Avec le développement durable, est apparu un concept fédérateur autour d’une vision holistique de l’avenir, vecteur de progrès permanents et d’échanges d’expériences. Avec le principe de précaution émergent la mise en œuvre opérationnelle et la réglementation, annonciatrices d’une normalisation.


Acheteurs – acteurs du développement durable :
le nœud gordien des prochaines années.

S’il est difficile, à l’heure actuelle, d’intégrer dans une politique des achats toutes les notions soulevées par le développement durable , les signaux extérieurs sont suffisamment alarmistes pour ne pas éluder la question.

Ce courant mondial implique de la part des directions des achats et de la supply chain, une réflexion devant déboucher sur un engagement de leur entreprise, dans un contexte où le retour sur investissement, retour également social et de réputation, reste difficilement mesurable. Plus que jamais, la veille et le benchmarking seront mise à l’honneur pour répertorier les tentatives de réponses aux nombreuses questions que cette nouvelle problématique soulève pour les acheteurs.
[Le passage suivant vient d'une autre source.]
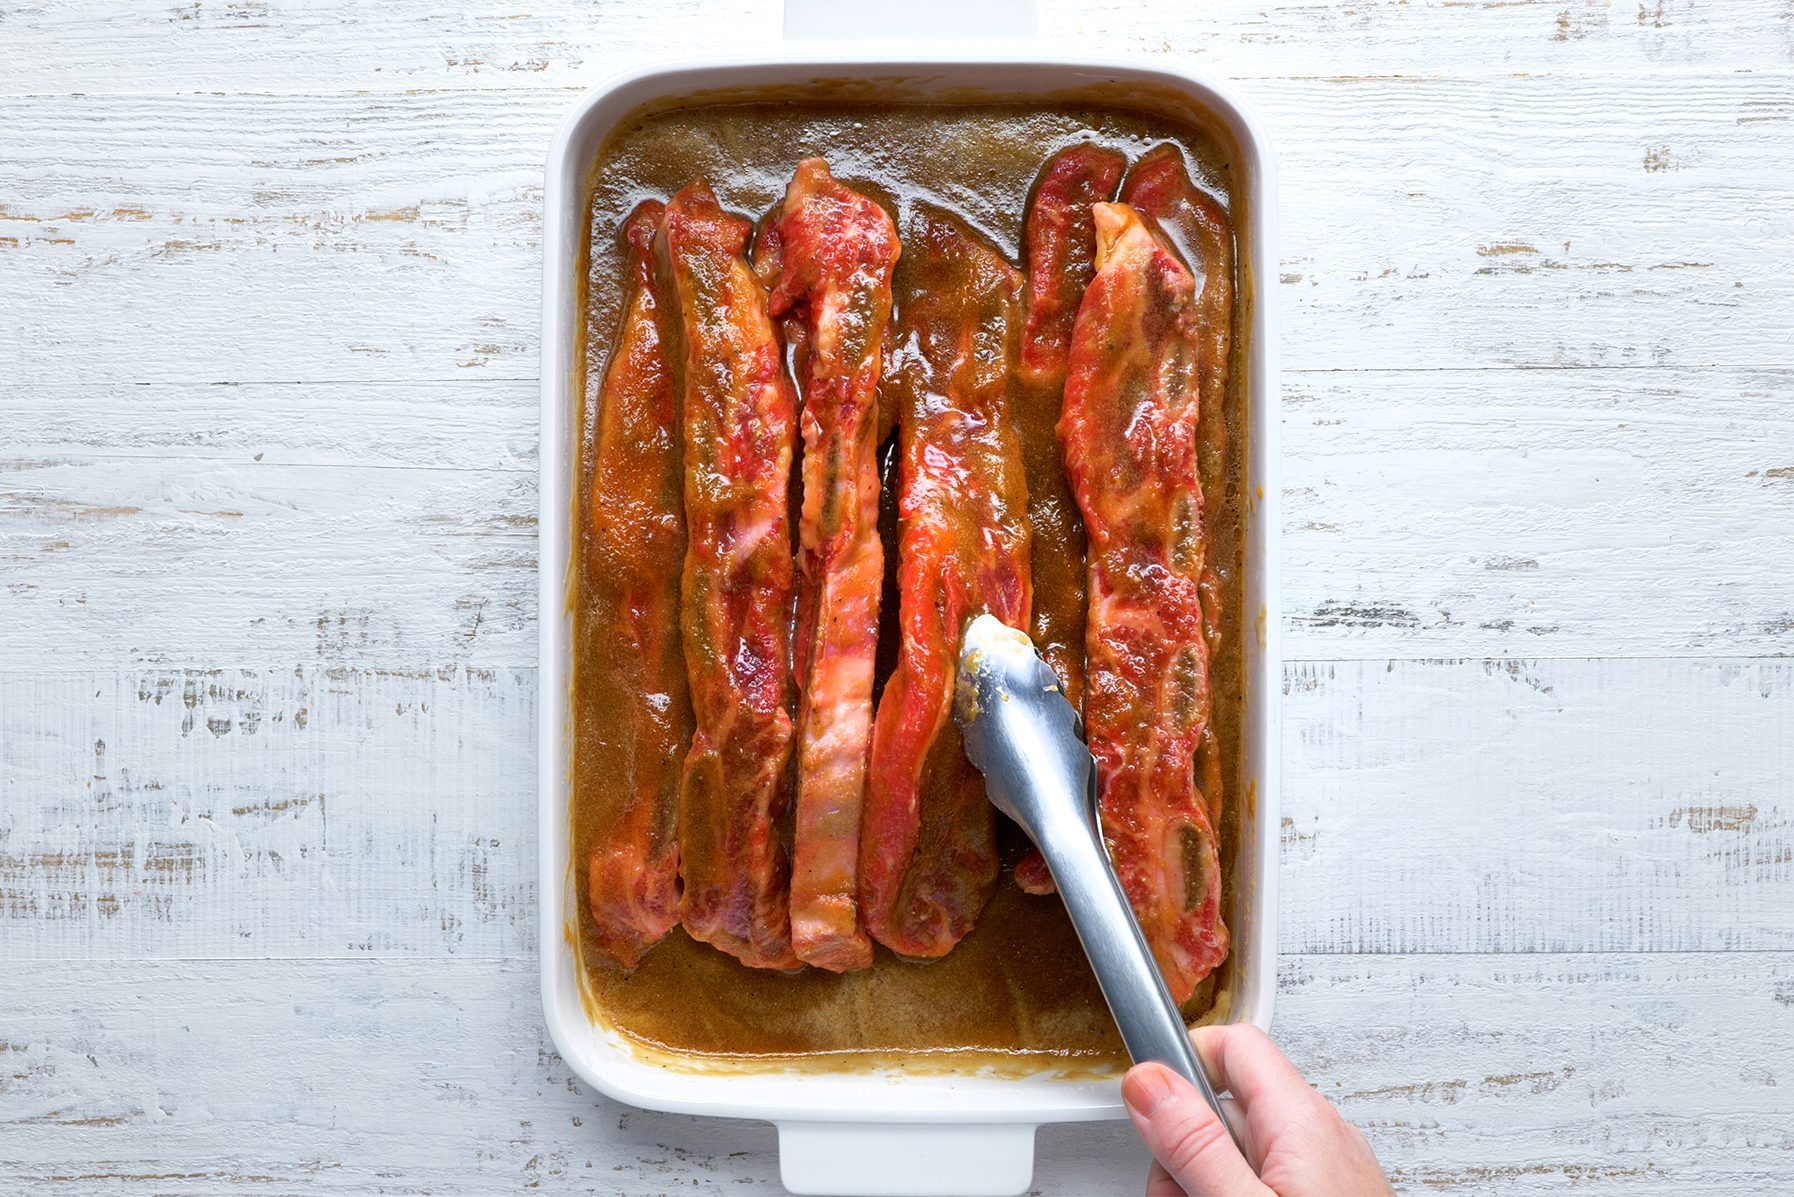 A hand uses tongs to place ribs in a white baking dish with a brown sauce. The dish is on a rustic white wooden surface.

En effet, si la direction des achats de l’entreprise se voit encore fixer pour objectif de réduire les coûts d’achat (TCO) , elle ne pourra ignorer à terme les nouvelles contraintes, apparemment contradictoires avec cet objectif, qui lui seront imposées dans le cadre d’un management axé sur le développement durable et la responsabilité sociétale.

Cependant, s’il est bien assimilé, le développement durable se signalera comme un vecteur de réduction des risques, s’intégrant à part entière dans la politique du risk management de l’entreprise, entraînant de ce fait, à moyen ou long terme, une réduction des coûts non négligeable.

Seule voie pour concilier des objectifs apparemment contradictoires et qui deviendront étroitement complémentaires.


Bref historique du Développement durable.
• 1968 - Club de Rome : un groupe multinational non politique réunissant scientifiques, humanistes, économistes, professeurs, industriels, fonctionnaires nationaux et internationaux de 53 pays travaille à trouver des solutions pratiques aux problèmes planétaires afin de les proposer aux décideurs politiques. En 1972, paraît un rapport « Halte à la croissance ».
• 1972 - Conférence de Stockholm : 113 États adoptent la Déclaration pour l’environnement au cours de cette conférence des Nations unies sur le dévelop-pement. À cette occasion est créé le Programme des Nations unies pour l’environnement (PNUE).
• 1987 - Commission mondiale sur l’environnement et le développement. Première définition du développement durable.
• 1992 - Sommet de la Terre à Rio : au terme de la Conférence des Nations Unies sur l’environnement et le développement, une commission du développement durable de l’ONU est créée et un plan directeur mondial décidé, « Action 21 ».
• 2002 - Sommet de Johannesburg : la Conférence des Nations Unies sur l’environnement réaffirme et développe ses engagements.

Jacques MOYSON
Vice-Président de l’ABCAL.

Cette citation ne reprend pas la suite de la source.